Even though Justin Vernon has featured on a number of tracks, including multiple Taylor Swift tracks, we have not had a Bon Iver record in roughly 5 or 6 years. Well, the band is back and they have left the synth and electro mixers at home and went back to that indie cabin in the woods. The raw power and emotion in this delicate track is some of their best work…but we will get there in due time.
First of all, we are back in the days of For Emma Forever Ago and Bon Iver, Bon Iver where the arrangements were largely made up of tangible instruments, as opposed to electro beeps and post-production. Musically, Speyside is a good mix of the two records. It has the inpecable acoustic guitar of For Emma Forever Ago, but it is mixed more like Bon Iver, Bon Iver where Vernon’s vocal is up in the mix and the entire track has more depth and warmth than the band’s earlier work. Leaving the electronic flourishes at home gives the track the heart and soul that was missing on their previous two records. You can really feel the music in this track. Acoustic guitar, strings and the vocal all work magnificently together and give the track emotional depth. In stripping the song back, the band is back to the core of what made them such an indie favourite in the first place.
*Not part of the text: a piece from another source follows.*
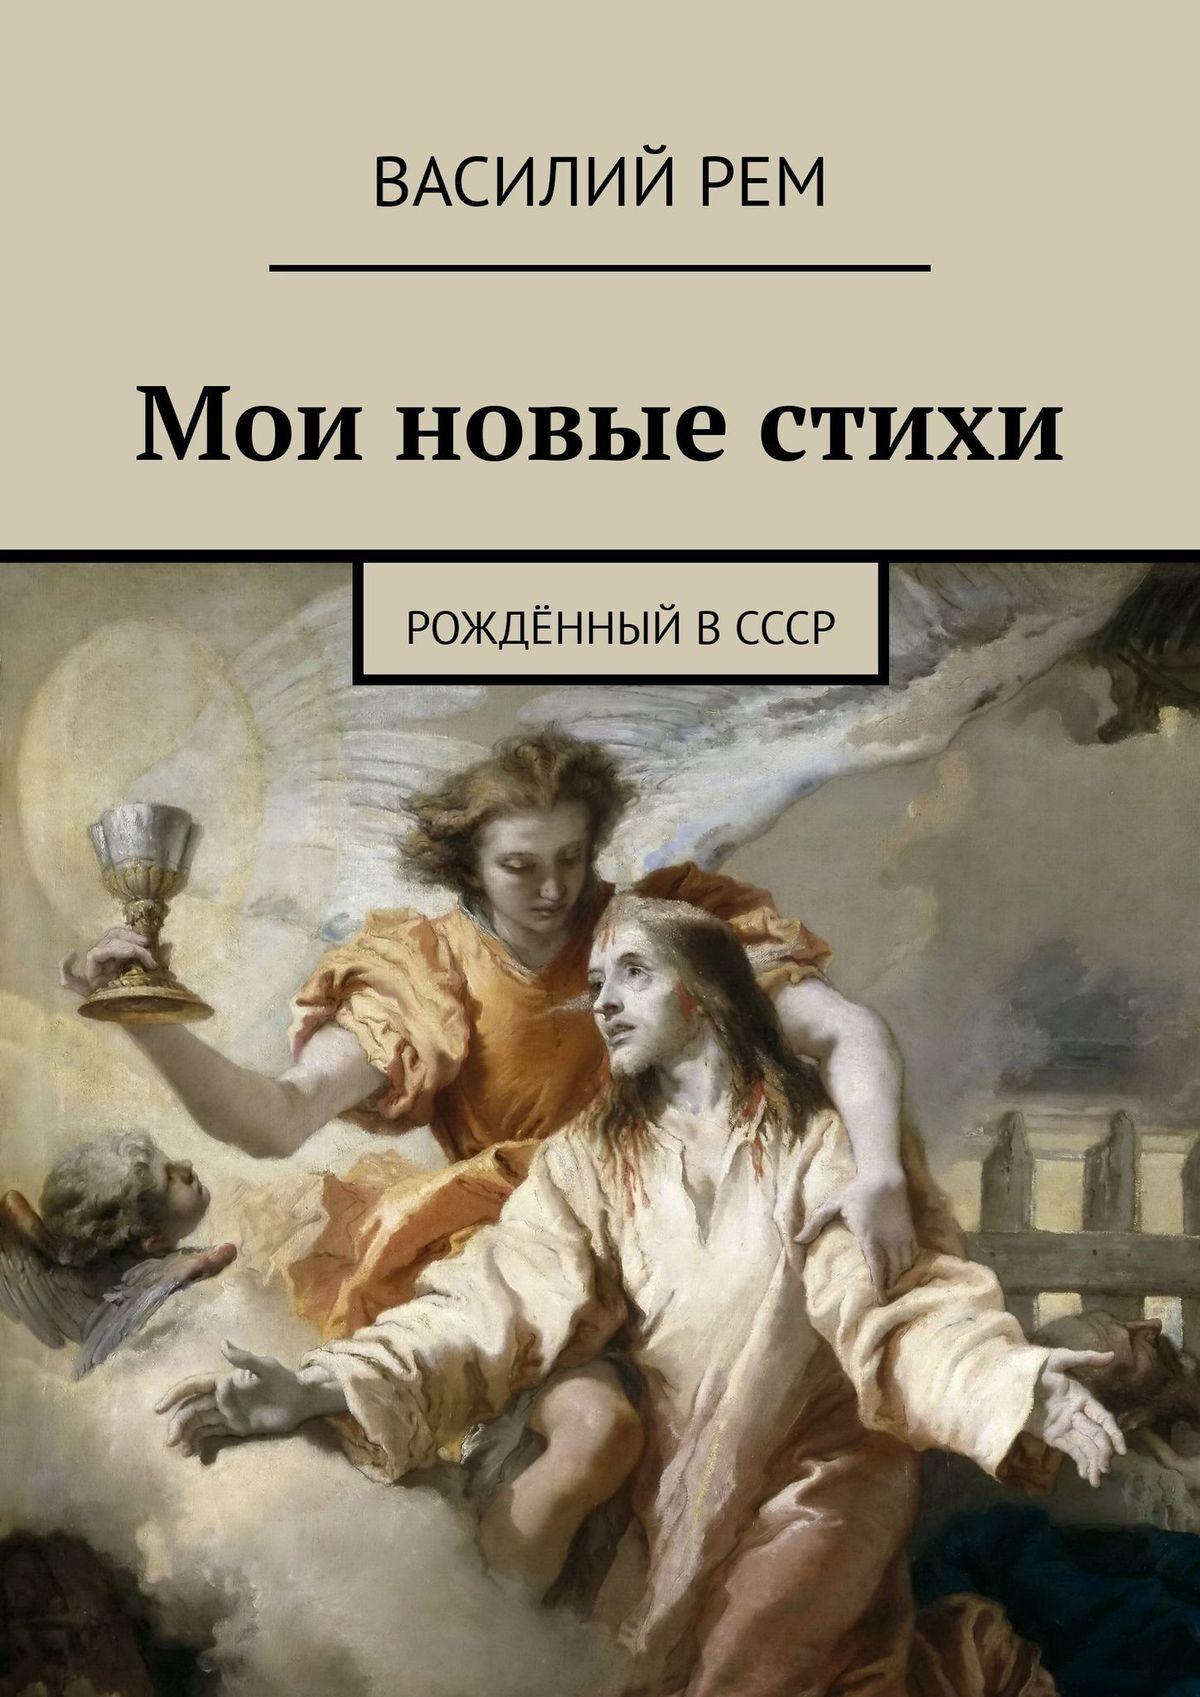 Василий Рем Мои новые стихи. Рожденный вСССР василий рем стихи длявсех рожденный вссср

Justin Vernon has mastered his vocal and uses it with surgical percision on this track. He is like Spielberg sitting back and constructing perfect scenes with as much emotional impact as possible. In the past, Vernon would rely too much on his falcetto, which hid his amazing vocal range. As time has gone on he has used his lower range in tracks with great effect. On Speyside he goes all over the scale with soulful depth and gospel-esque emotional resonance. You don’t feel like he is singing…it’s more like he cut his heart out and is wringing it over a live mic.
Lyrically, this is a song about rebuilding yourself from the ashes of the past. Vernon sings of a man looking back at his mistakes, violence and regret in the cold light of day. In the end he is reduced to nothing more than shattered pieces on the floor. The end of the track “But maybe you can still make a man from me…With what’s left of me / As you live and breathe / I really know now what had hold on me” is beautiful and gut wrenching. I interpret it as a man who has lost everything to addiction and knowing that it had a hold on him is now willing to reach out for help to be put back together. It is pretty open to what you think, but that stuck out to me.
Bon Iver’s Speyside is a song about the human condition and how we can be broken down to our rock bottom, but still have hope that the love of others can rebuild us. This is a beautiful song sung so soulfully and delicately that you will cry.